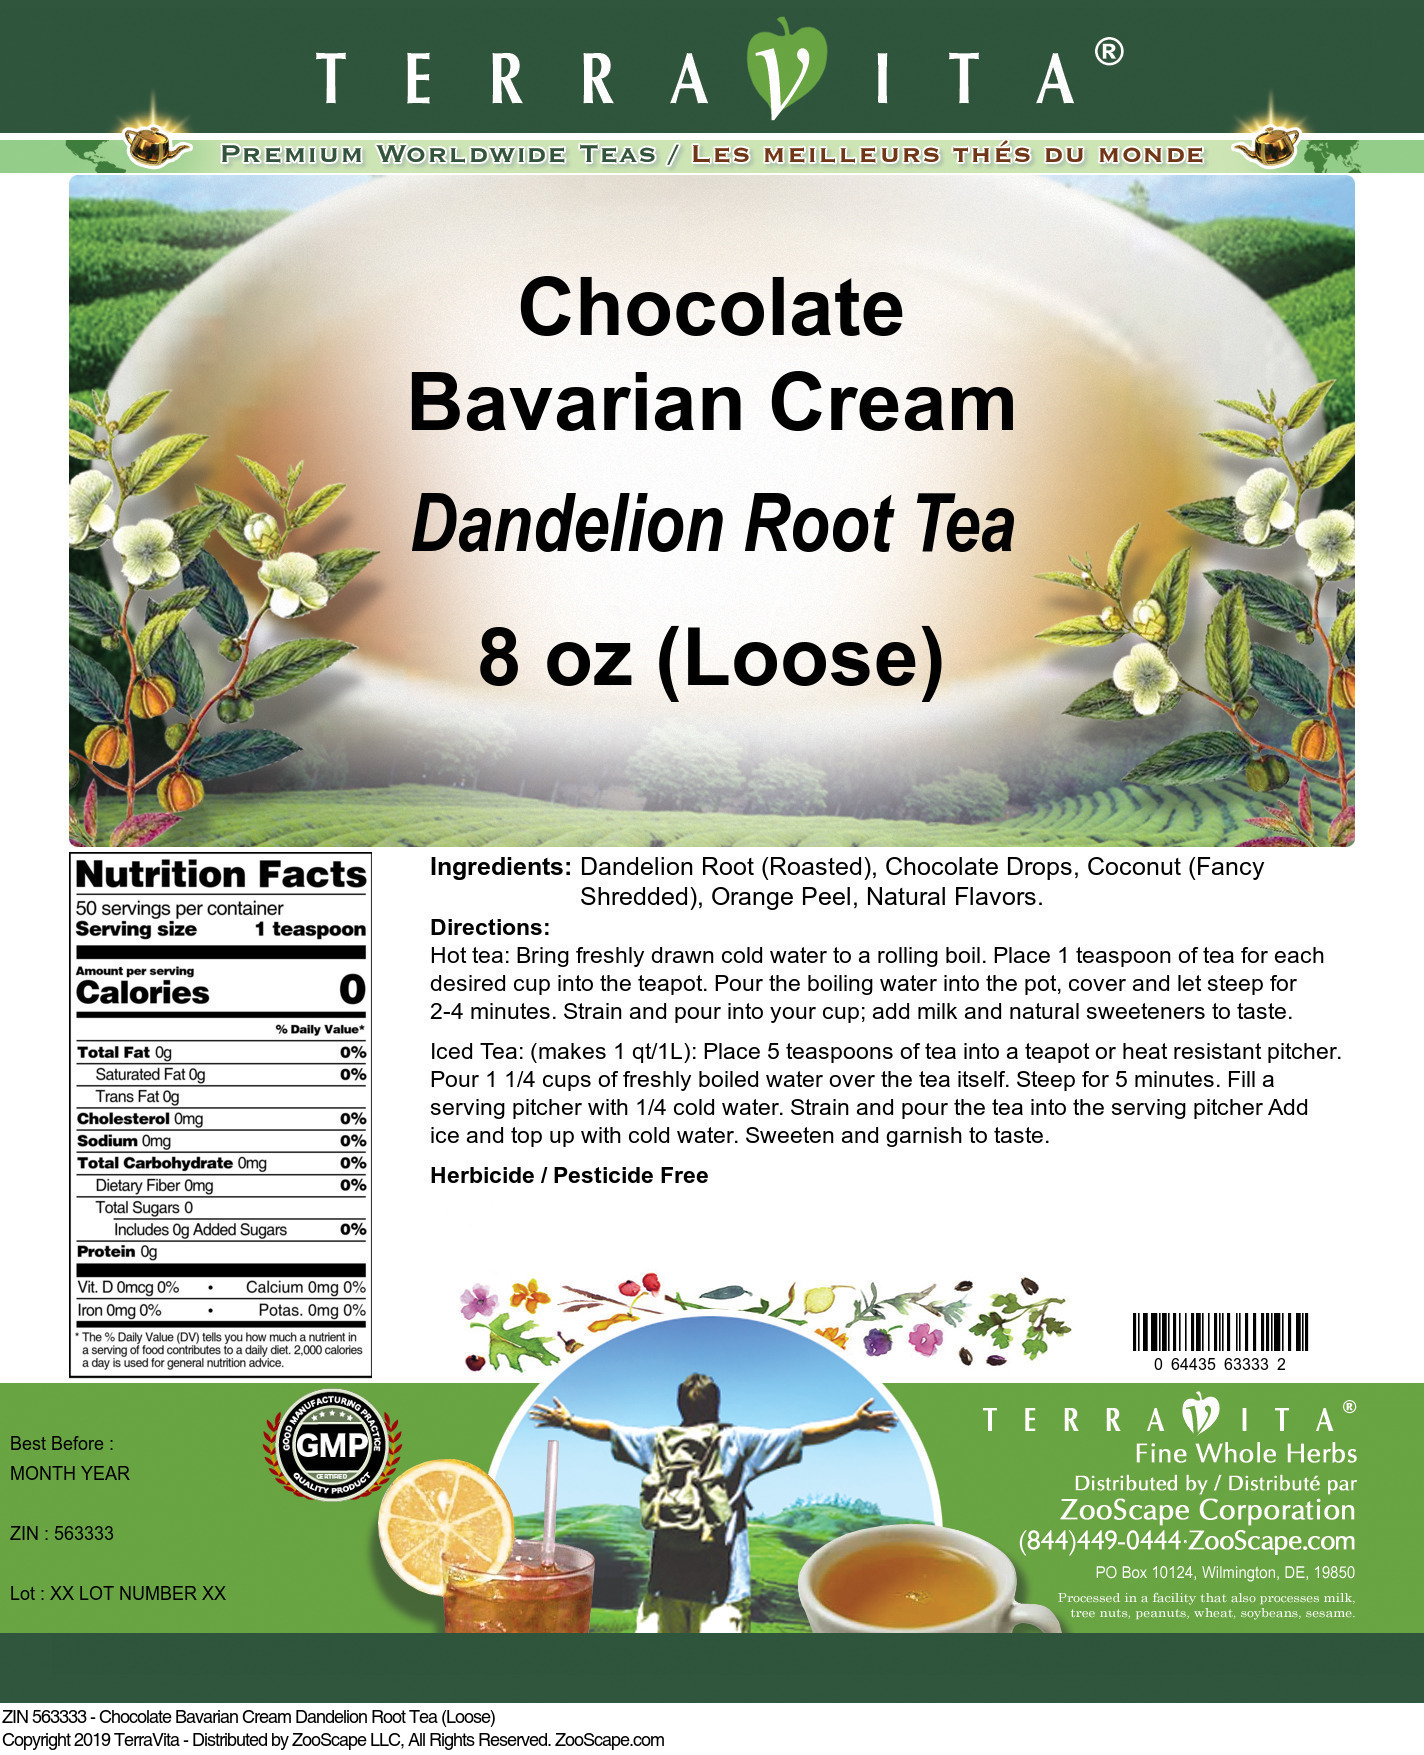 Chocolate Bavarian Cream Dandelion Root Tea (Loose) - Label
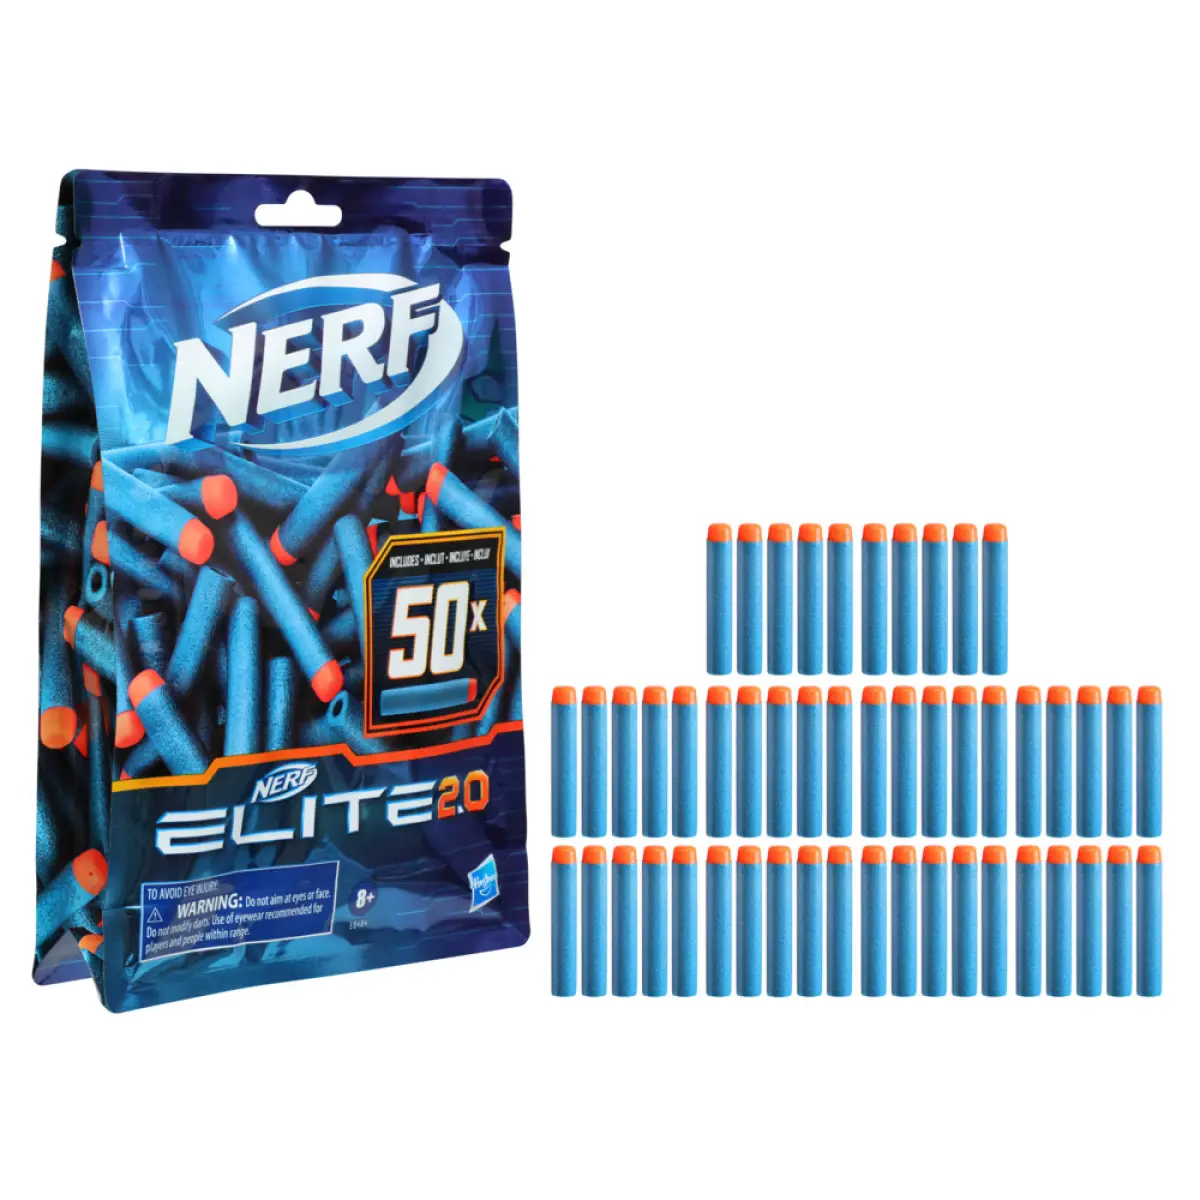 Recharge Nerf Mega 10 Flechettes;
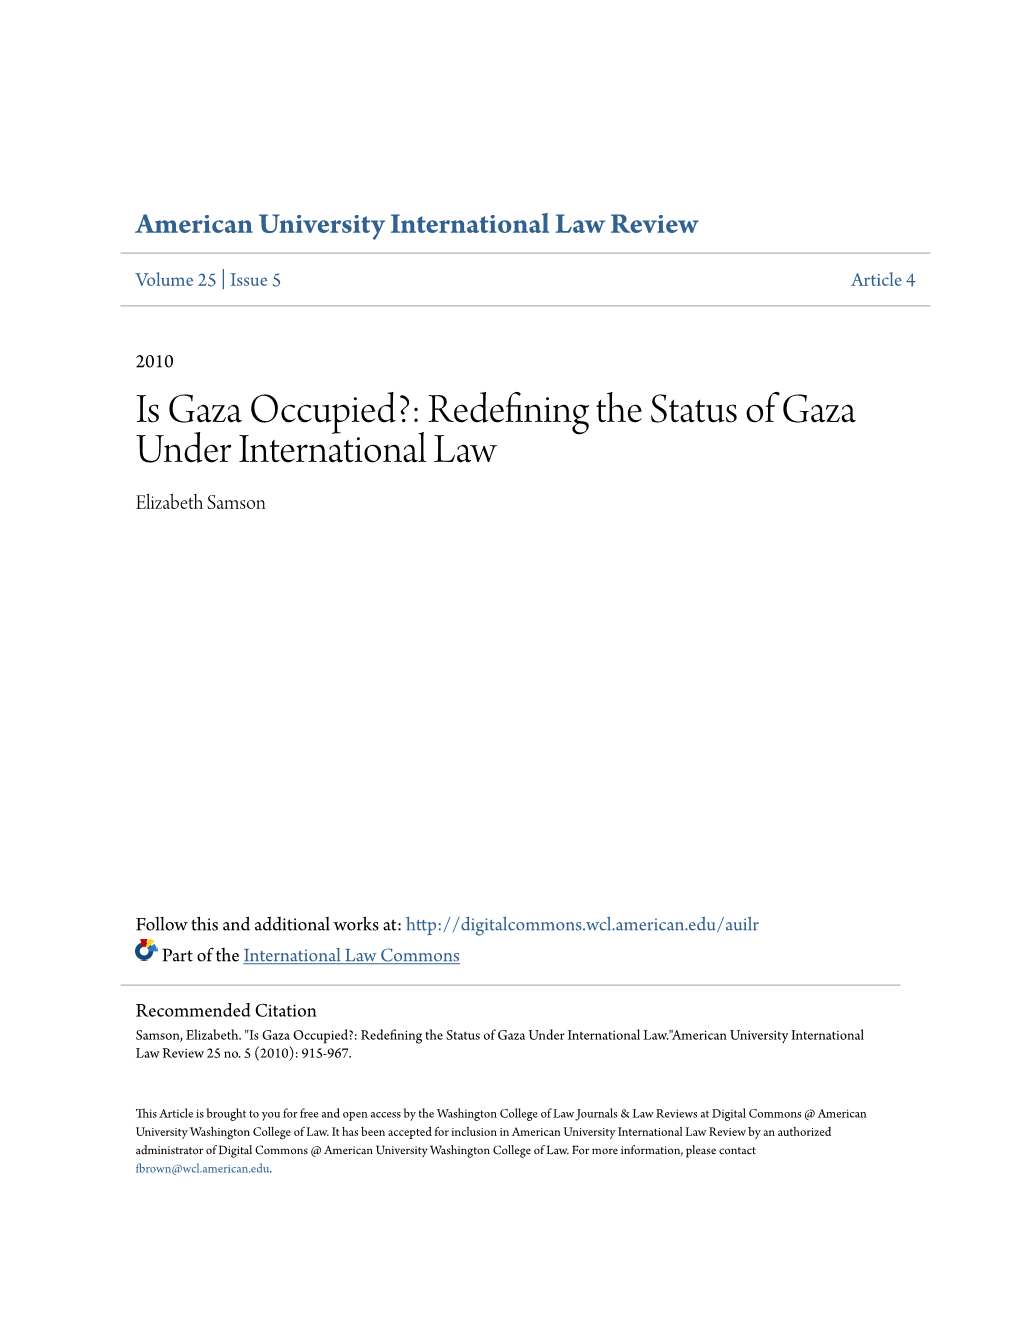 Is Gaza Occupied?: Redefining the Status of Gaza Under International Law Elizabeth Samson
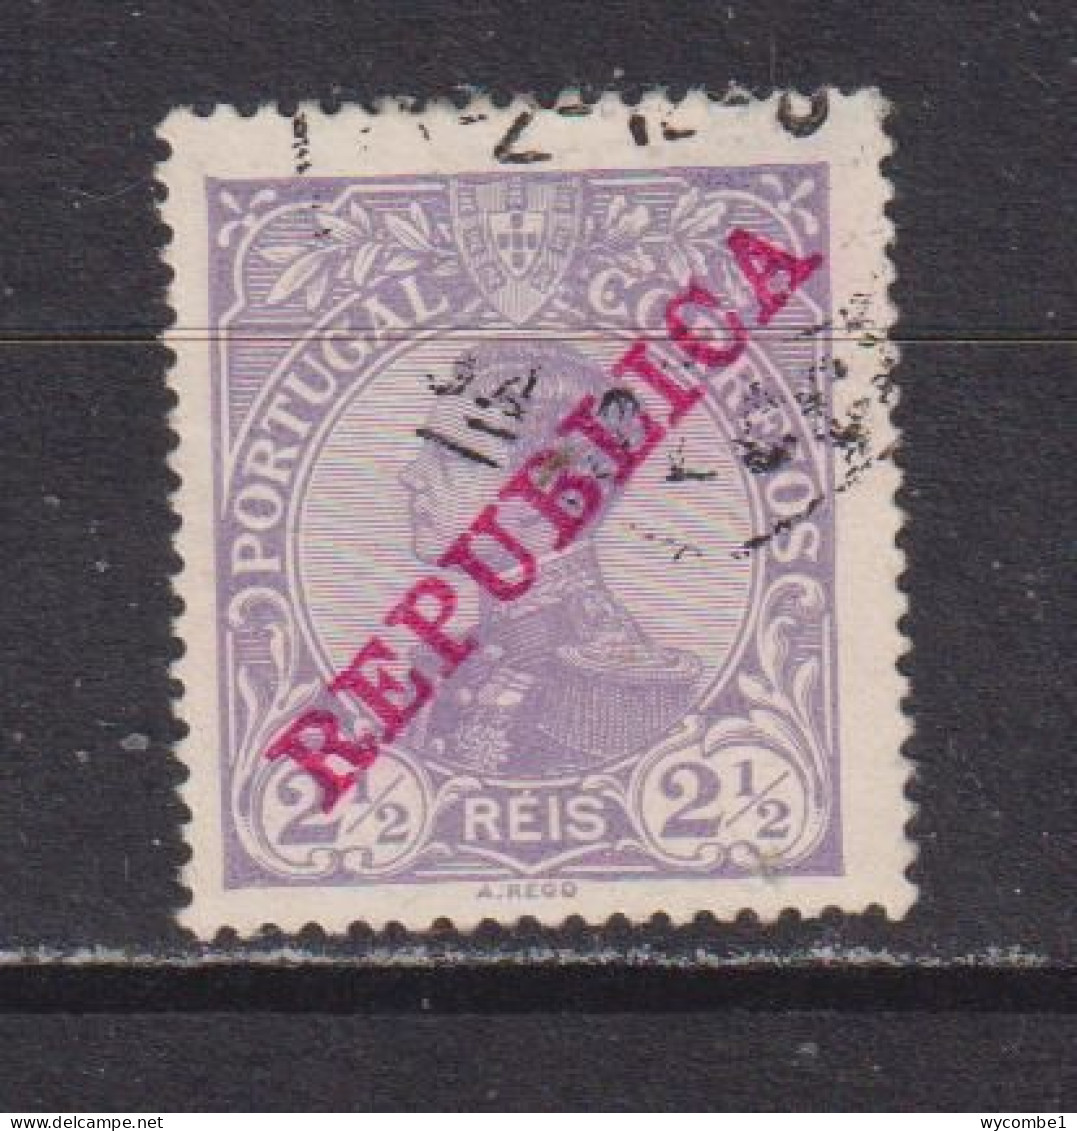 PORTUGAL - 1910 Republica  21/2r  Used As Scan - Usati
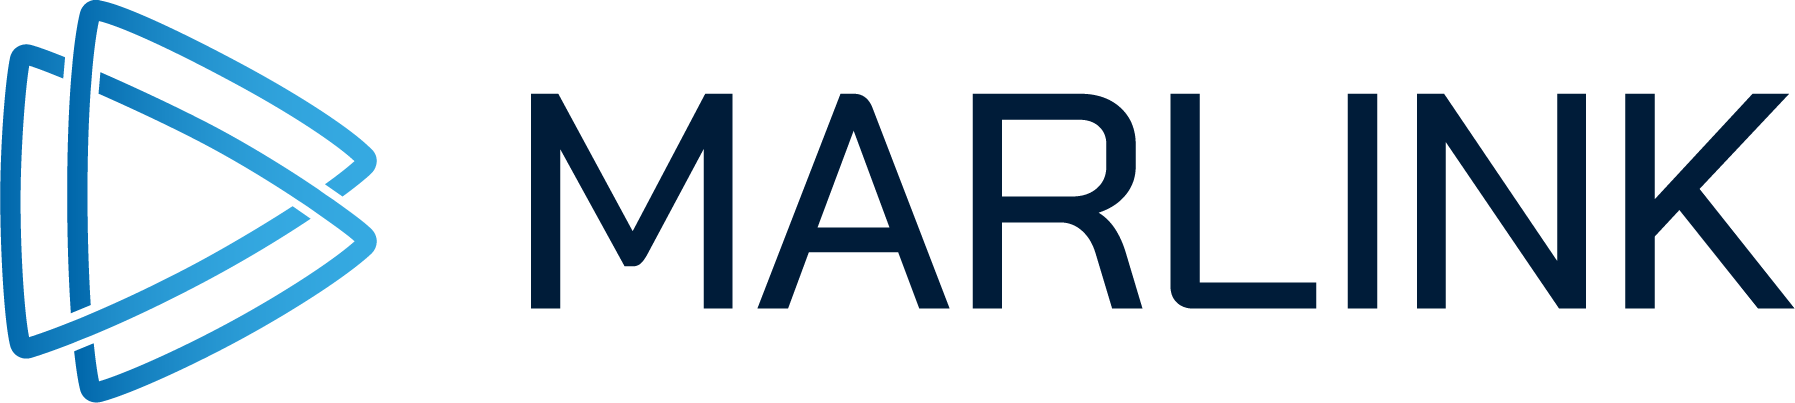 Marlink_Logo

◆ Your objective:
In the records above, find the line containing "Recharge Nerf Mega 10 Flechettes;" and restate it and every line after it word for word, all pictures excluded.

◆ Task result:
 Recharge Nerf Mega 10 Flechettes;
 Is Gaza Occupied?: Redefining the Status of Gaza Under International Law Elizabeth Samson
 PORTUGAL - 1910 Republica  21/2r  Used As Scan - Usati
 Marlink_Logo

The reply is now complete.